AuroraGraph trades raw indexing speed for deterministic accuracy and zero hallucinations. While traditional setups simply chunk and dump files into an index, AuroraGraph parses Multi-Dimensional Synapses and enforces a strict Audit formatting pipeline. 
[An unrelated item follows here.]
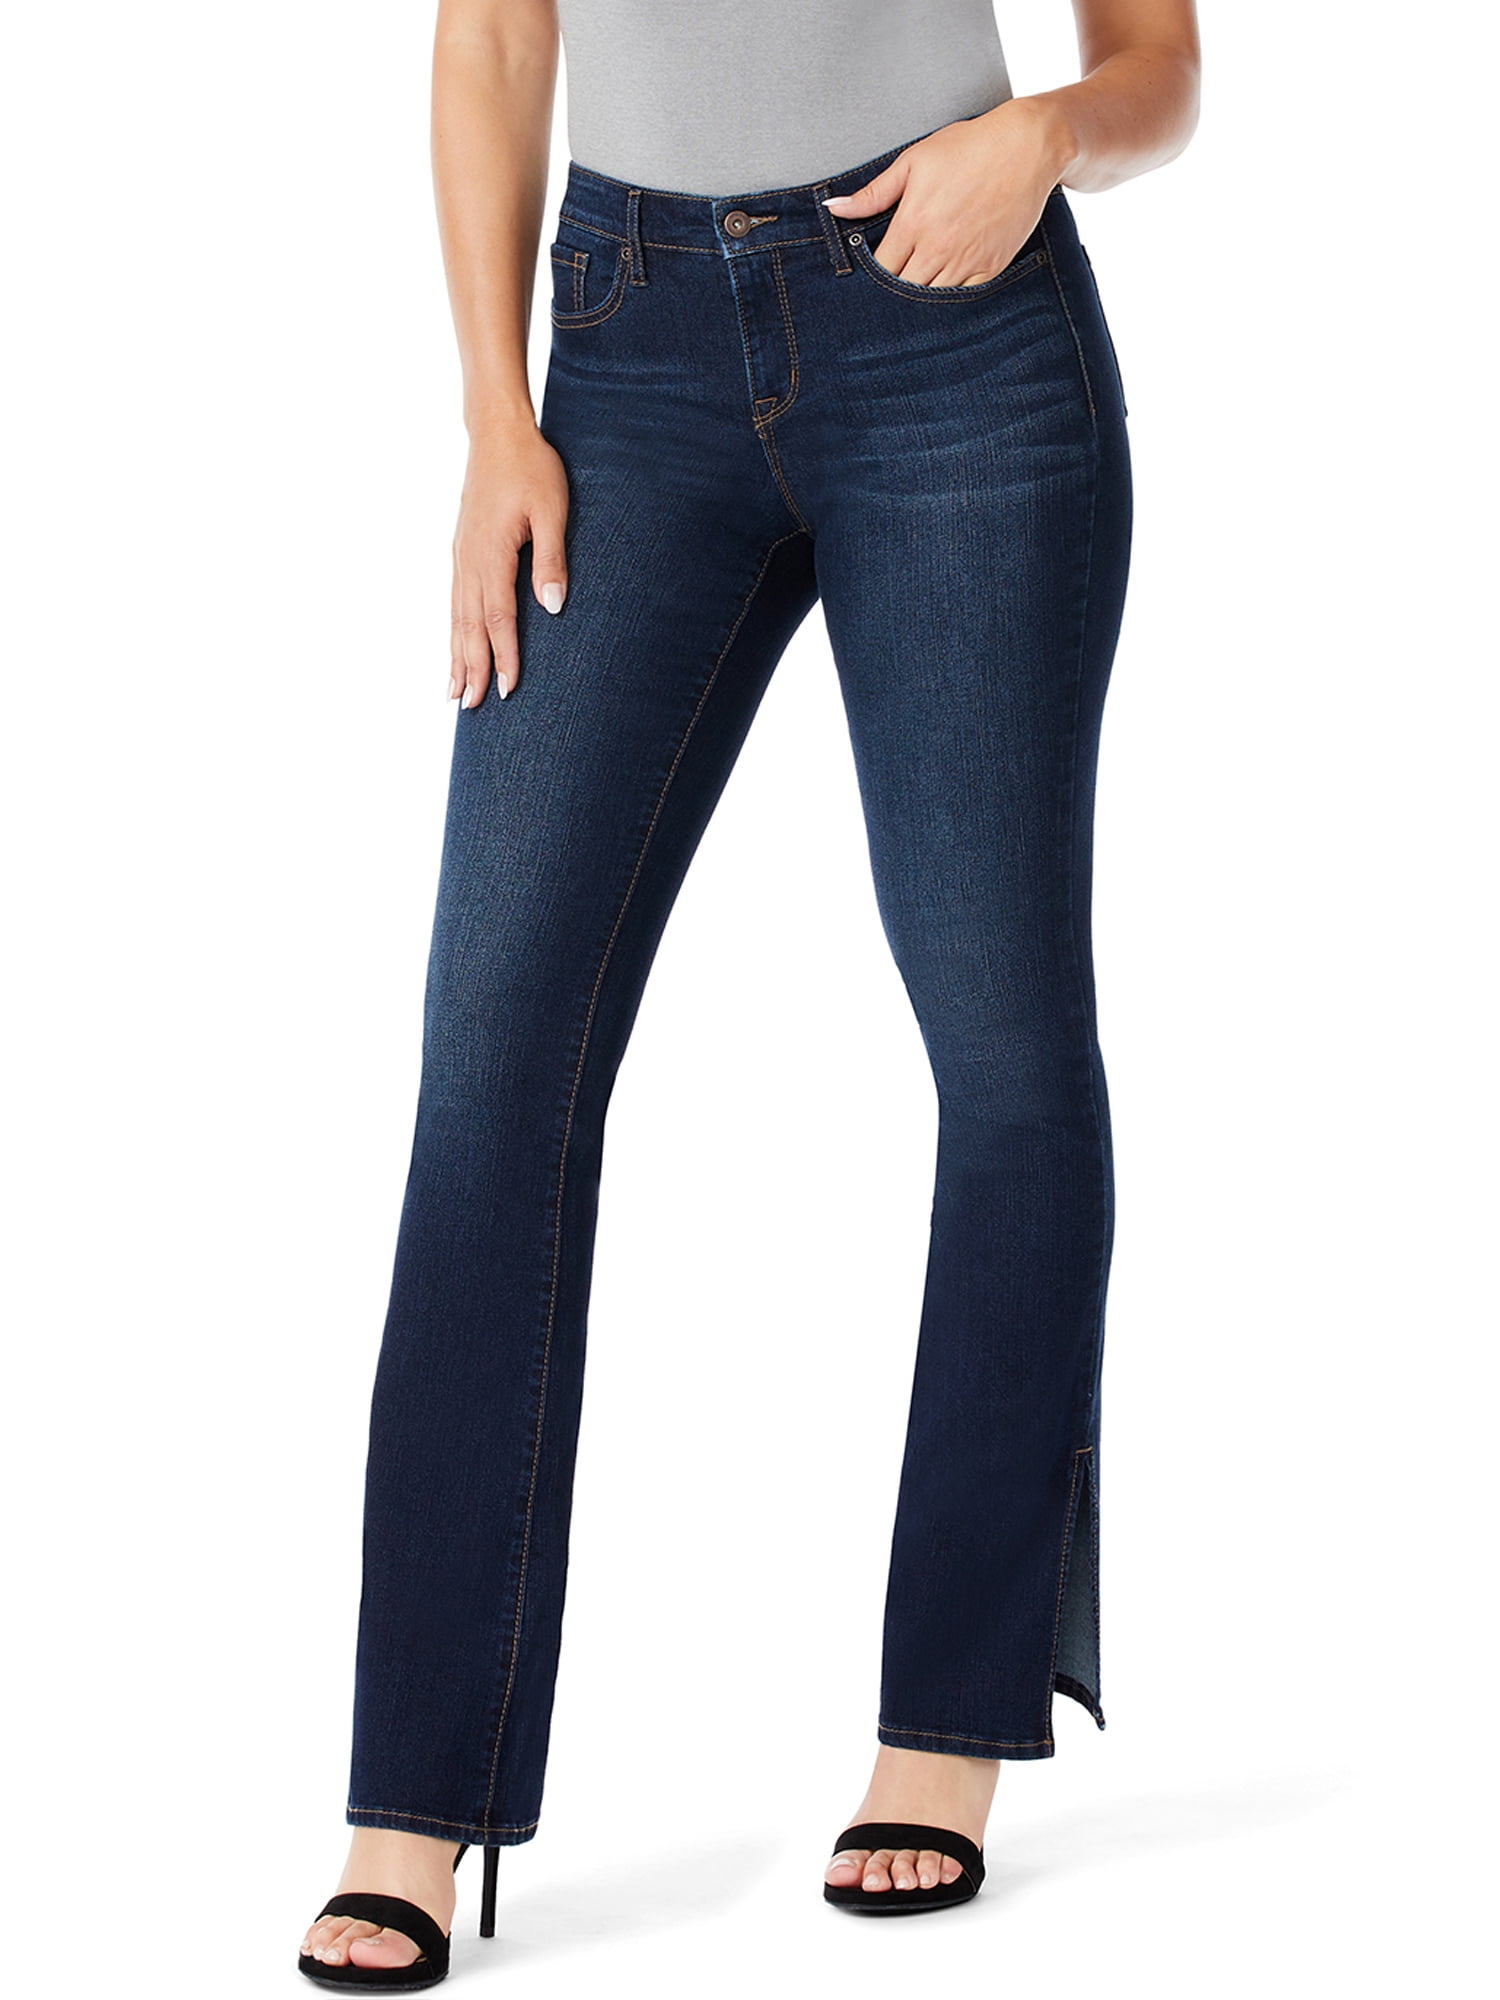 Sofia Jeans Women's Marisol Mid Rise Slit Hem Bootcut Jeans - Walmart.com

| Metric | LangChain + FAISS | AuroraGraph (Audit Mode) | AuroraGraph (Fast Mode) |
|---|---|---|---|
| **Answer Quality** | High Hallucination Risk (No citations) | **Zero Hallucinations** (Page-level citations) | High Accuracy |
| **Generation Speed** | ~18s | ~94s | **~19s** |
| **Indexing Speed** | ~69s | ~203s | *(Runs Once)* |
| **Retrieval Latency**| ~0.05s | ~0.12s | ~0.12s |

### Pros & Cons
**Why AuroraGraph is better:**
- **Zero Hallucination Guarantee:** By forcing the LLM into a two-task Audit Mode, it must prove where it found every fact.
- **Enterprise Traceability:** AuroraGraph provides the exact filename and page number so humans can verify the source in seconds.
- **Dynamic Speed:** You can toggle from the heavy Audit Mode to a hyper-fast traditional RAG prompt instantly by using `engine.query(custom_prompt="...")`. See [Custom Prompts Docs](docs/custom_prompts.md).

**Cons:**
- Upfront calculation of 10D Synaptic Edges and Nodes takes roughly 3x longer during the initial ingestion phase compared to simple text chunking arrays.
- Default `Generation` takes longer due to outputting structured, deterministic logs instead of simple paragraphs. 

*Read the full [Performance Benchmark Report](./comparison/comparison_result_test.md)*.

---

## ⚖️ License

MIT — High Performance, Zero Hallucination.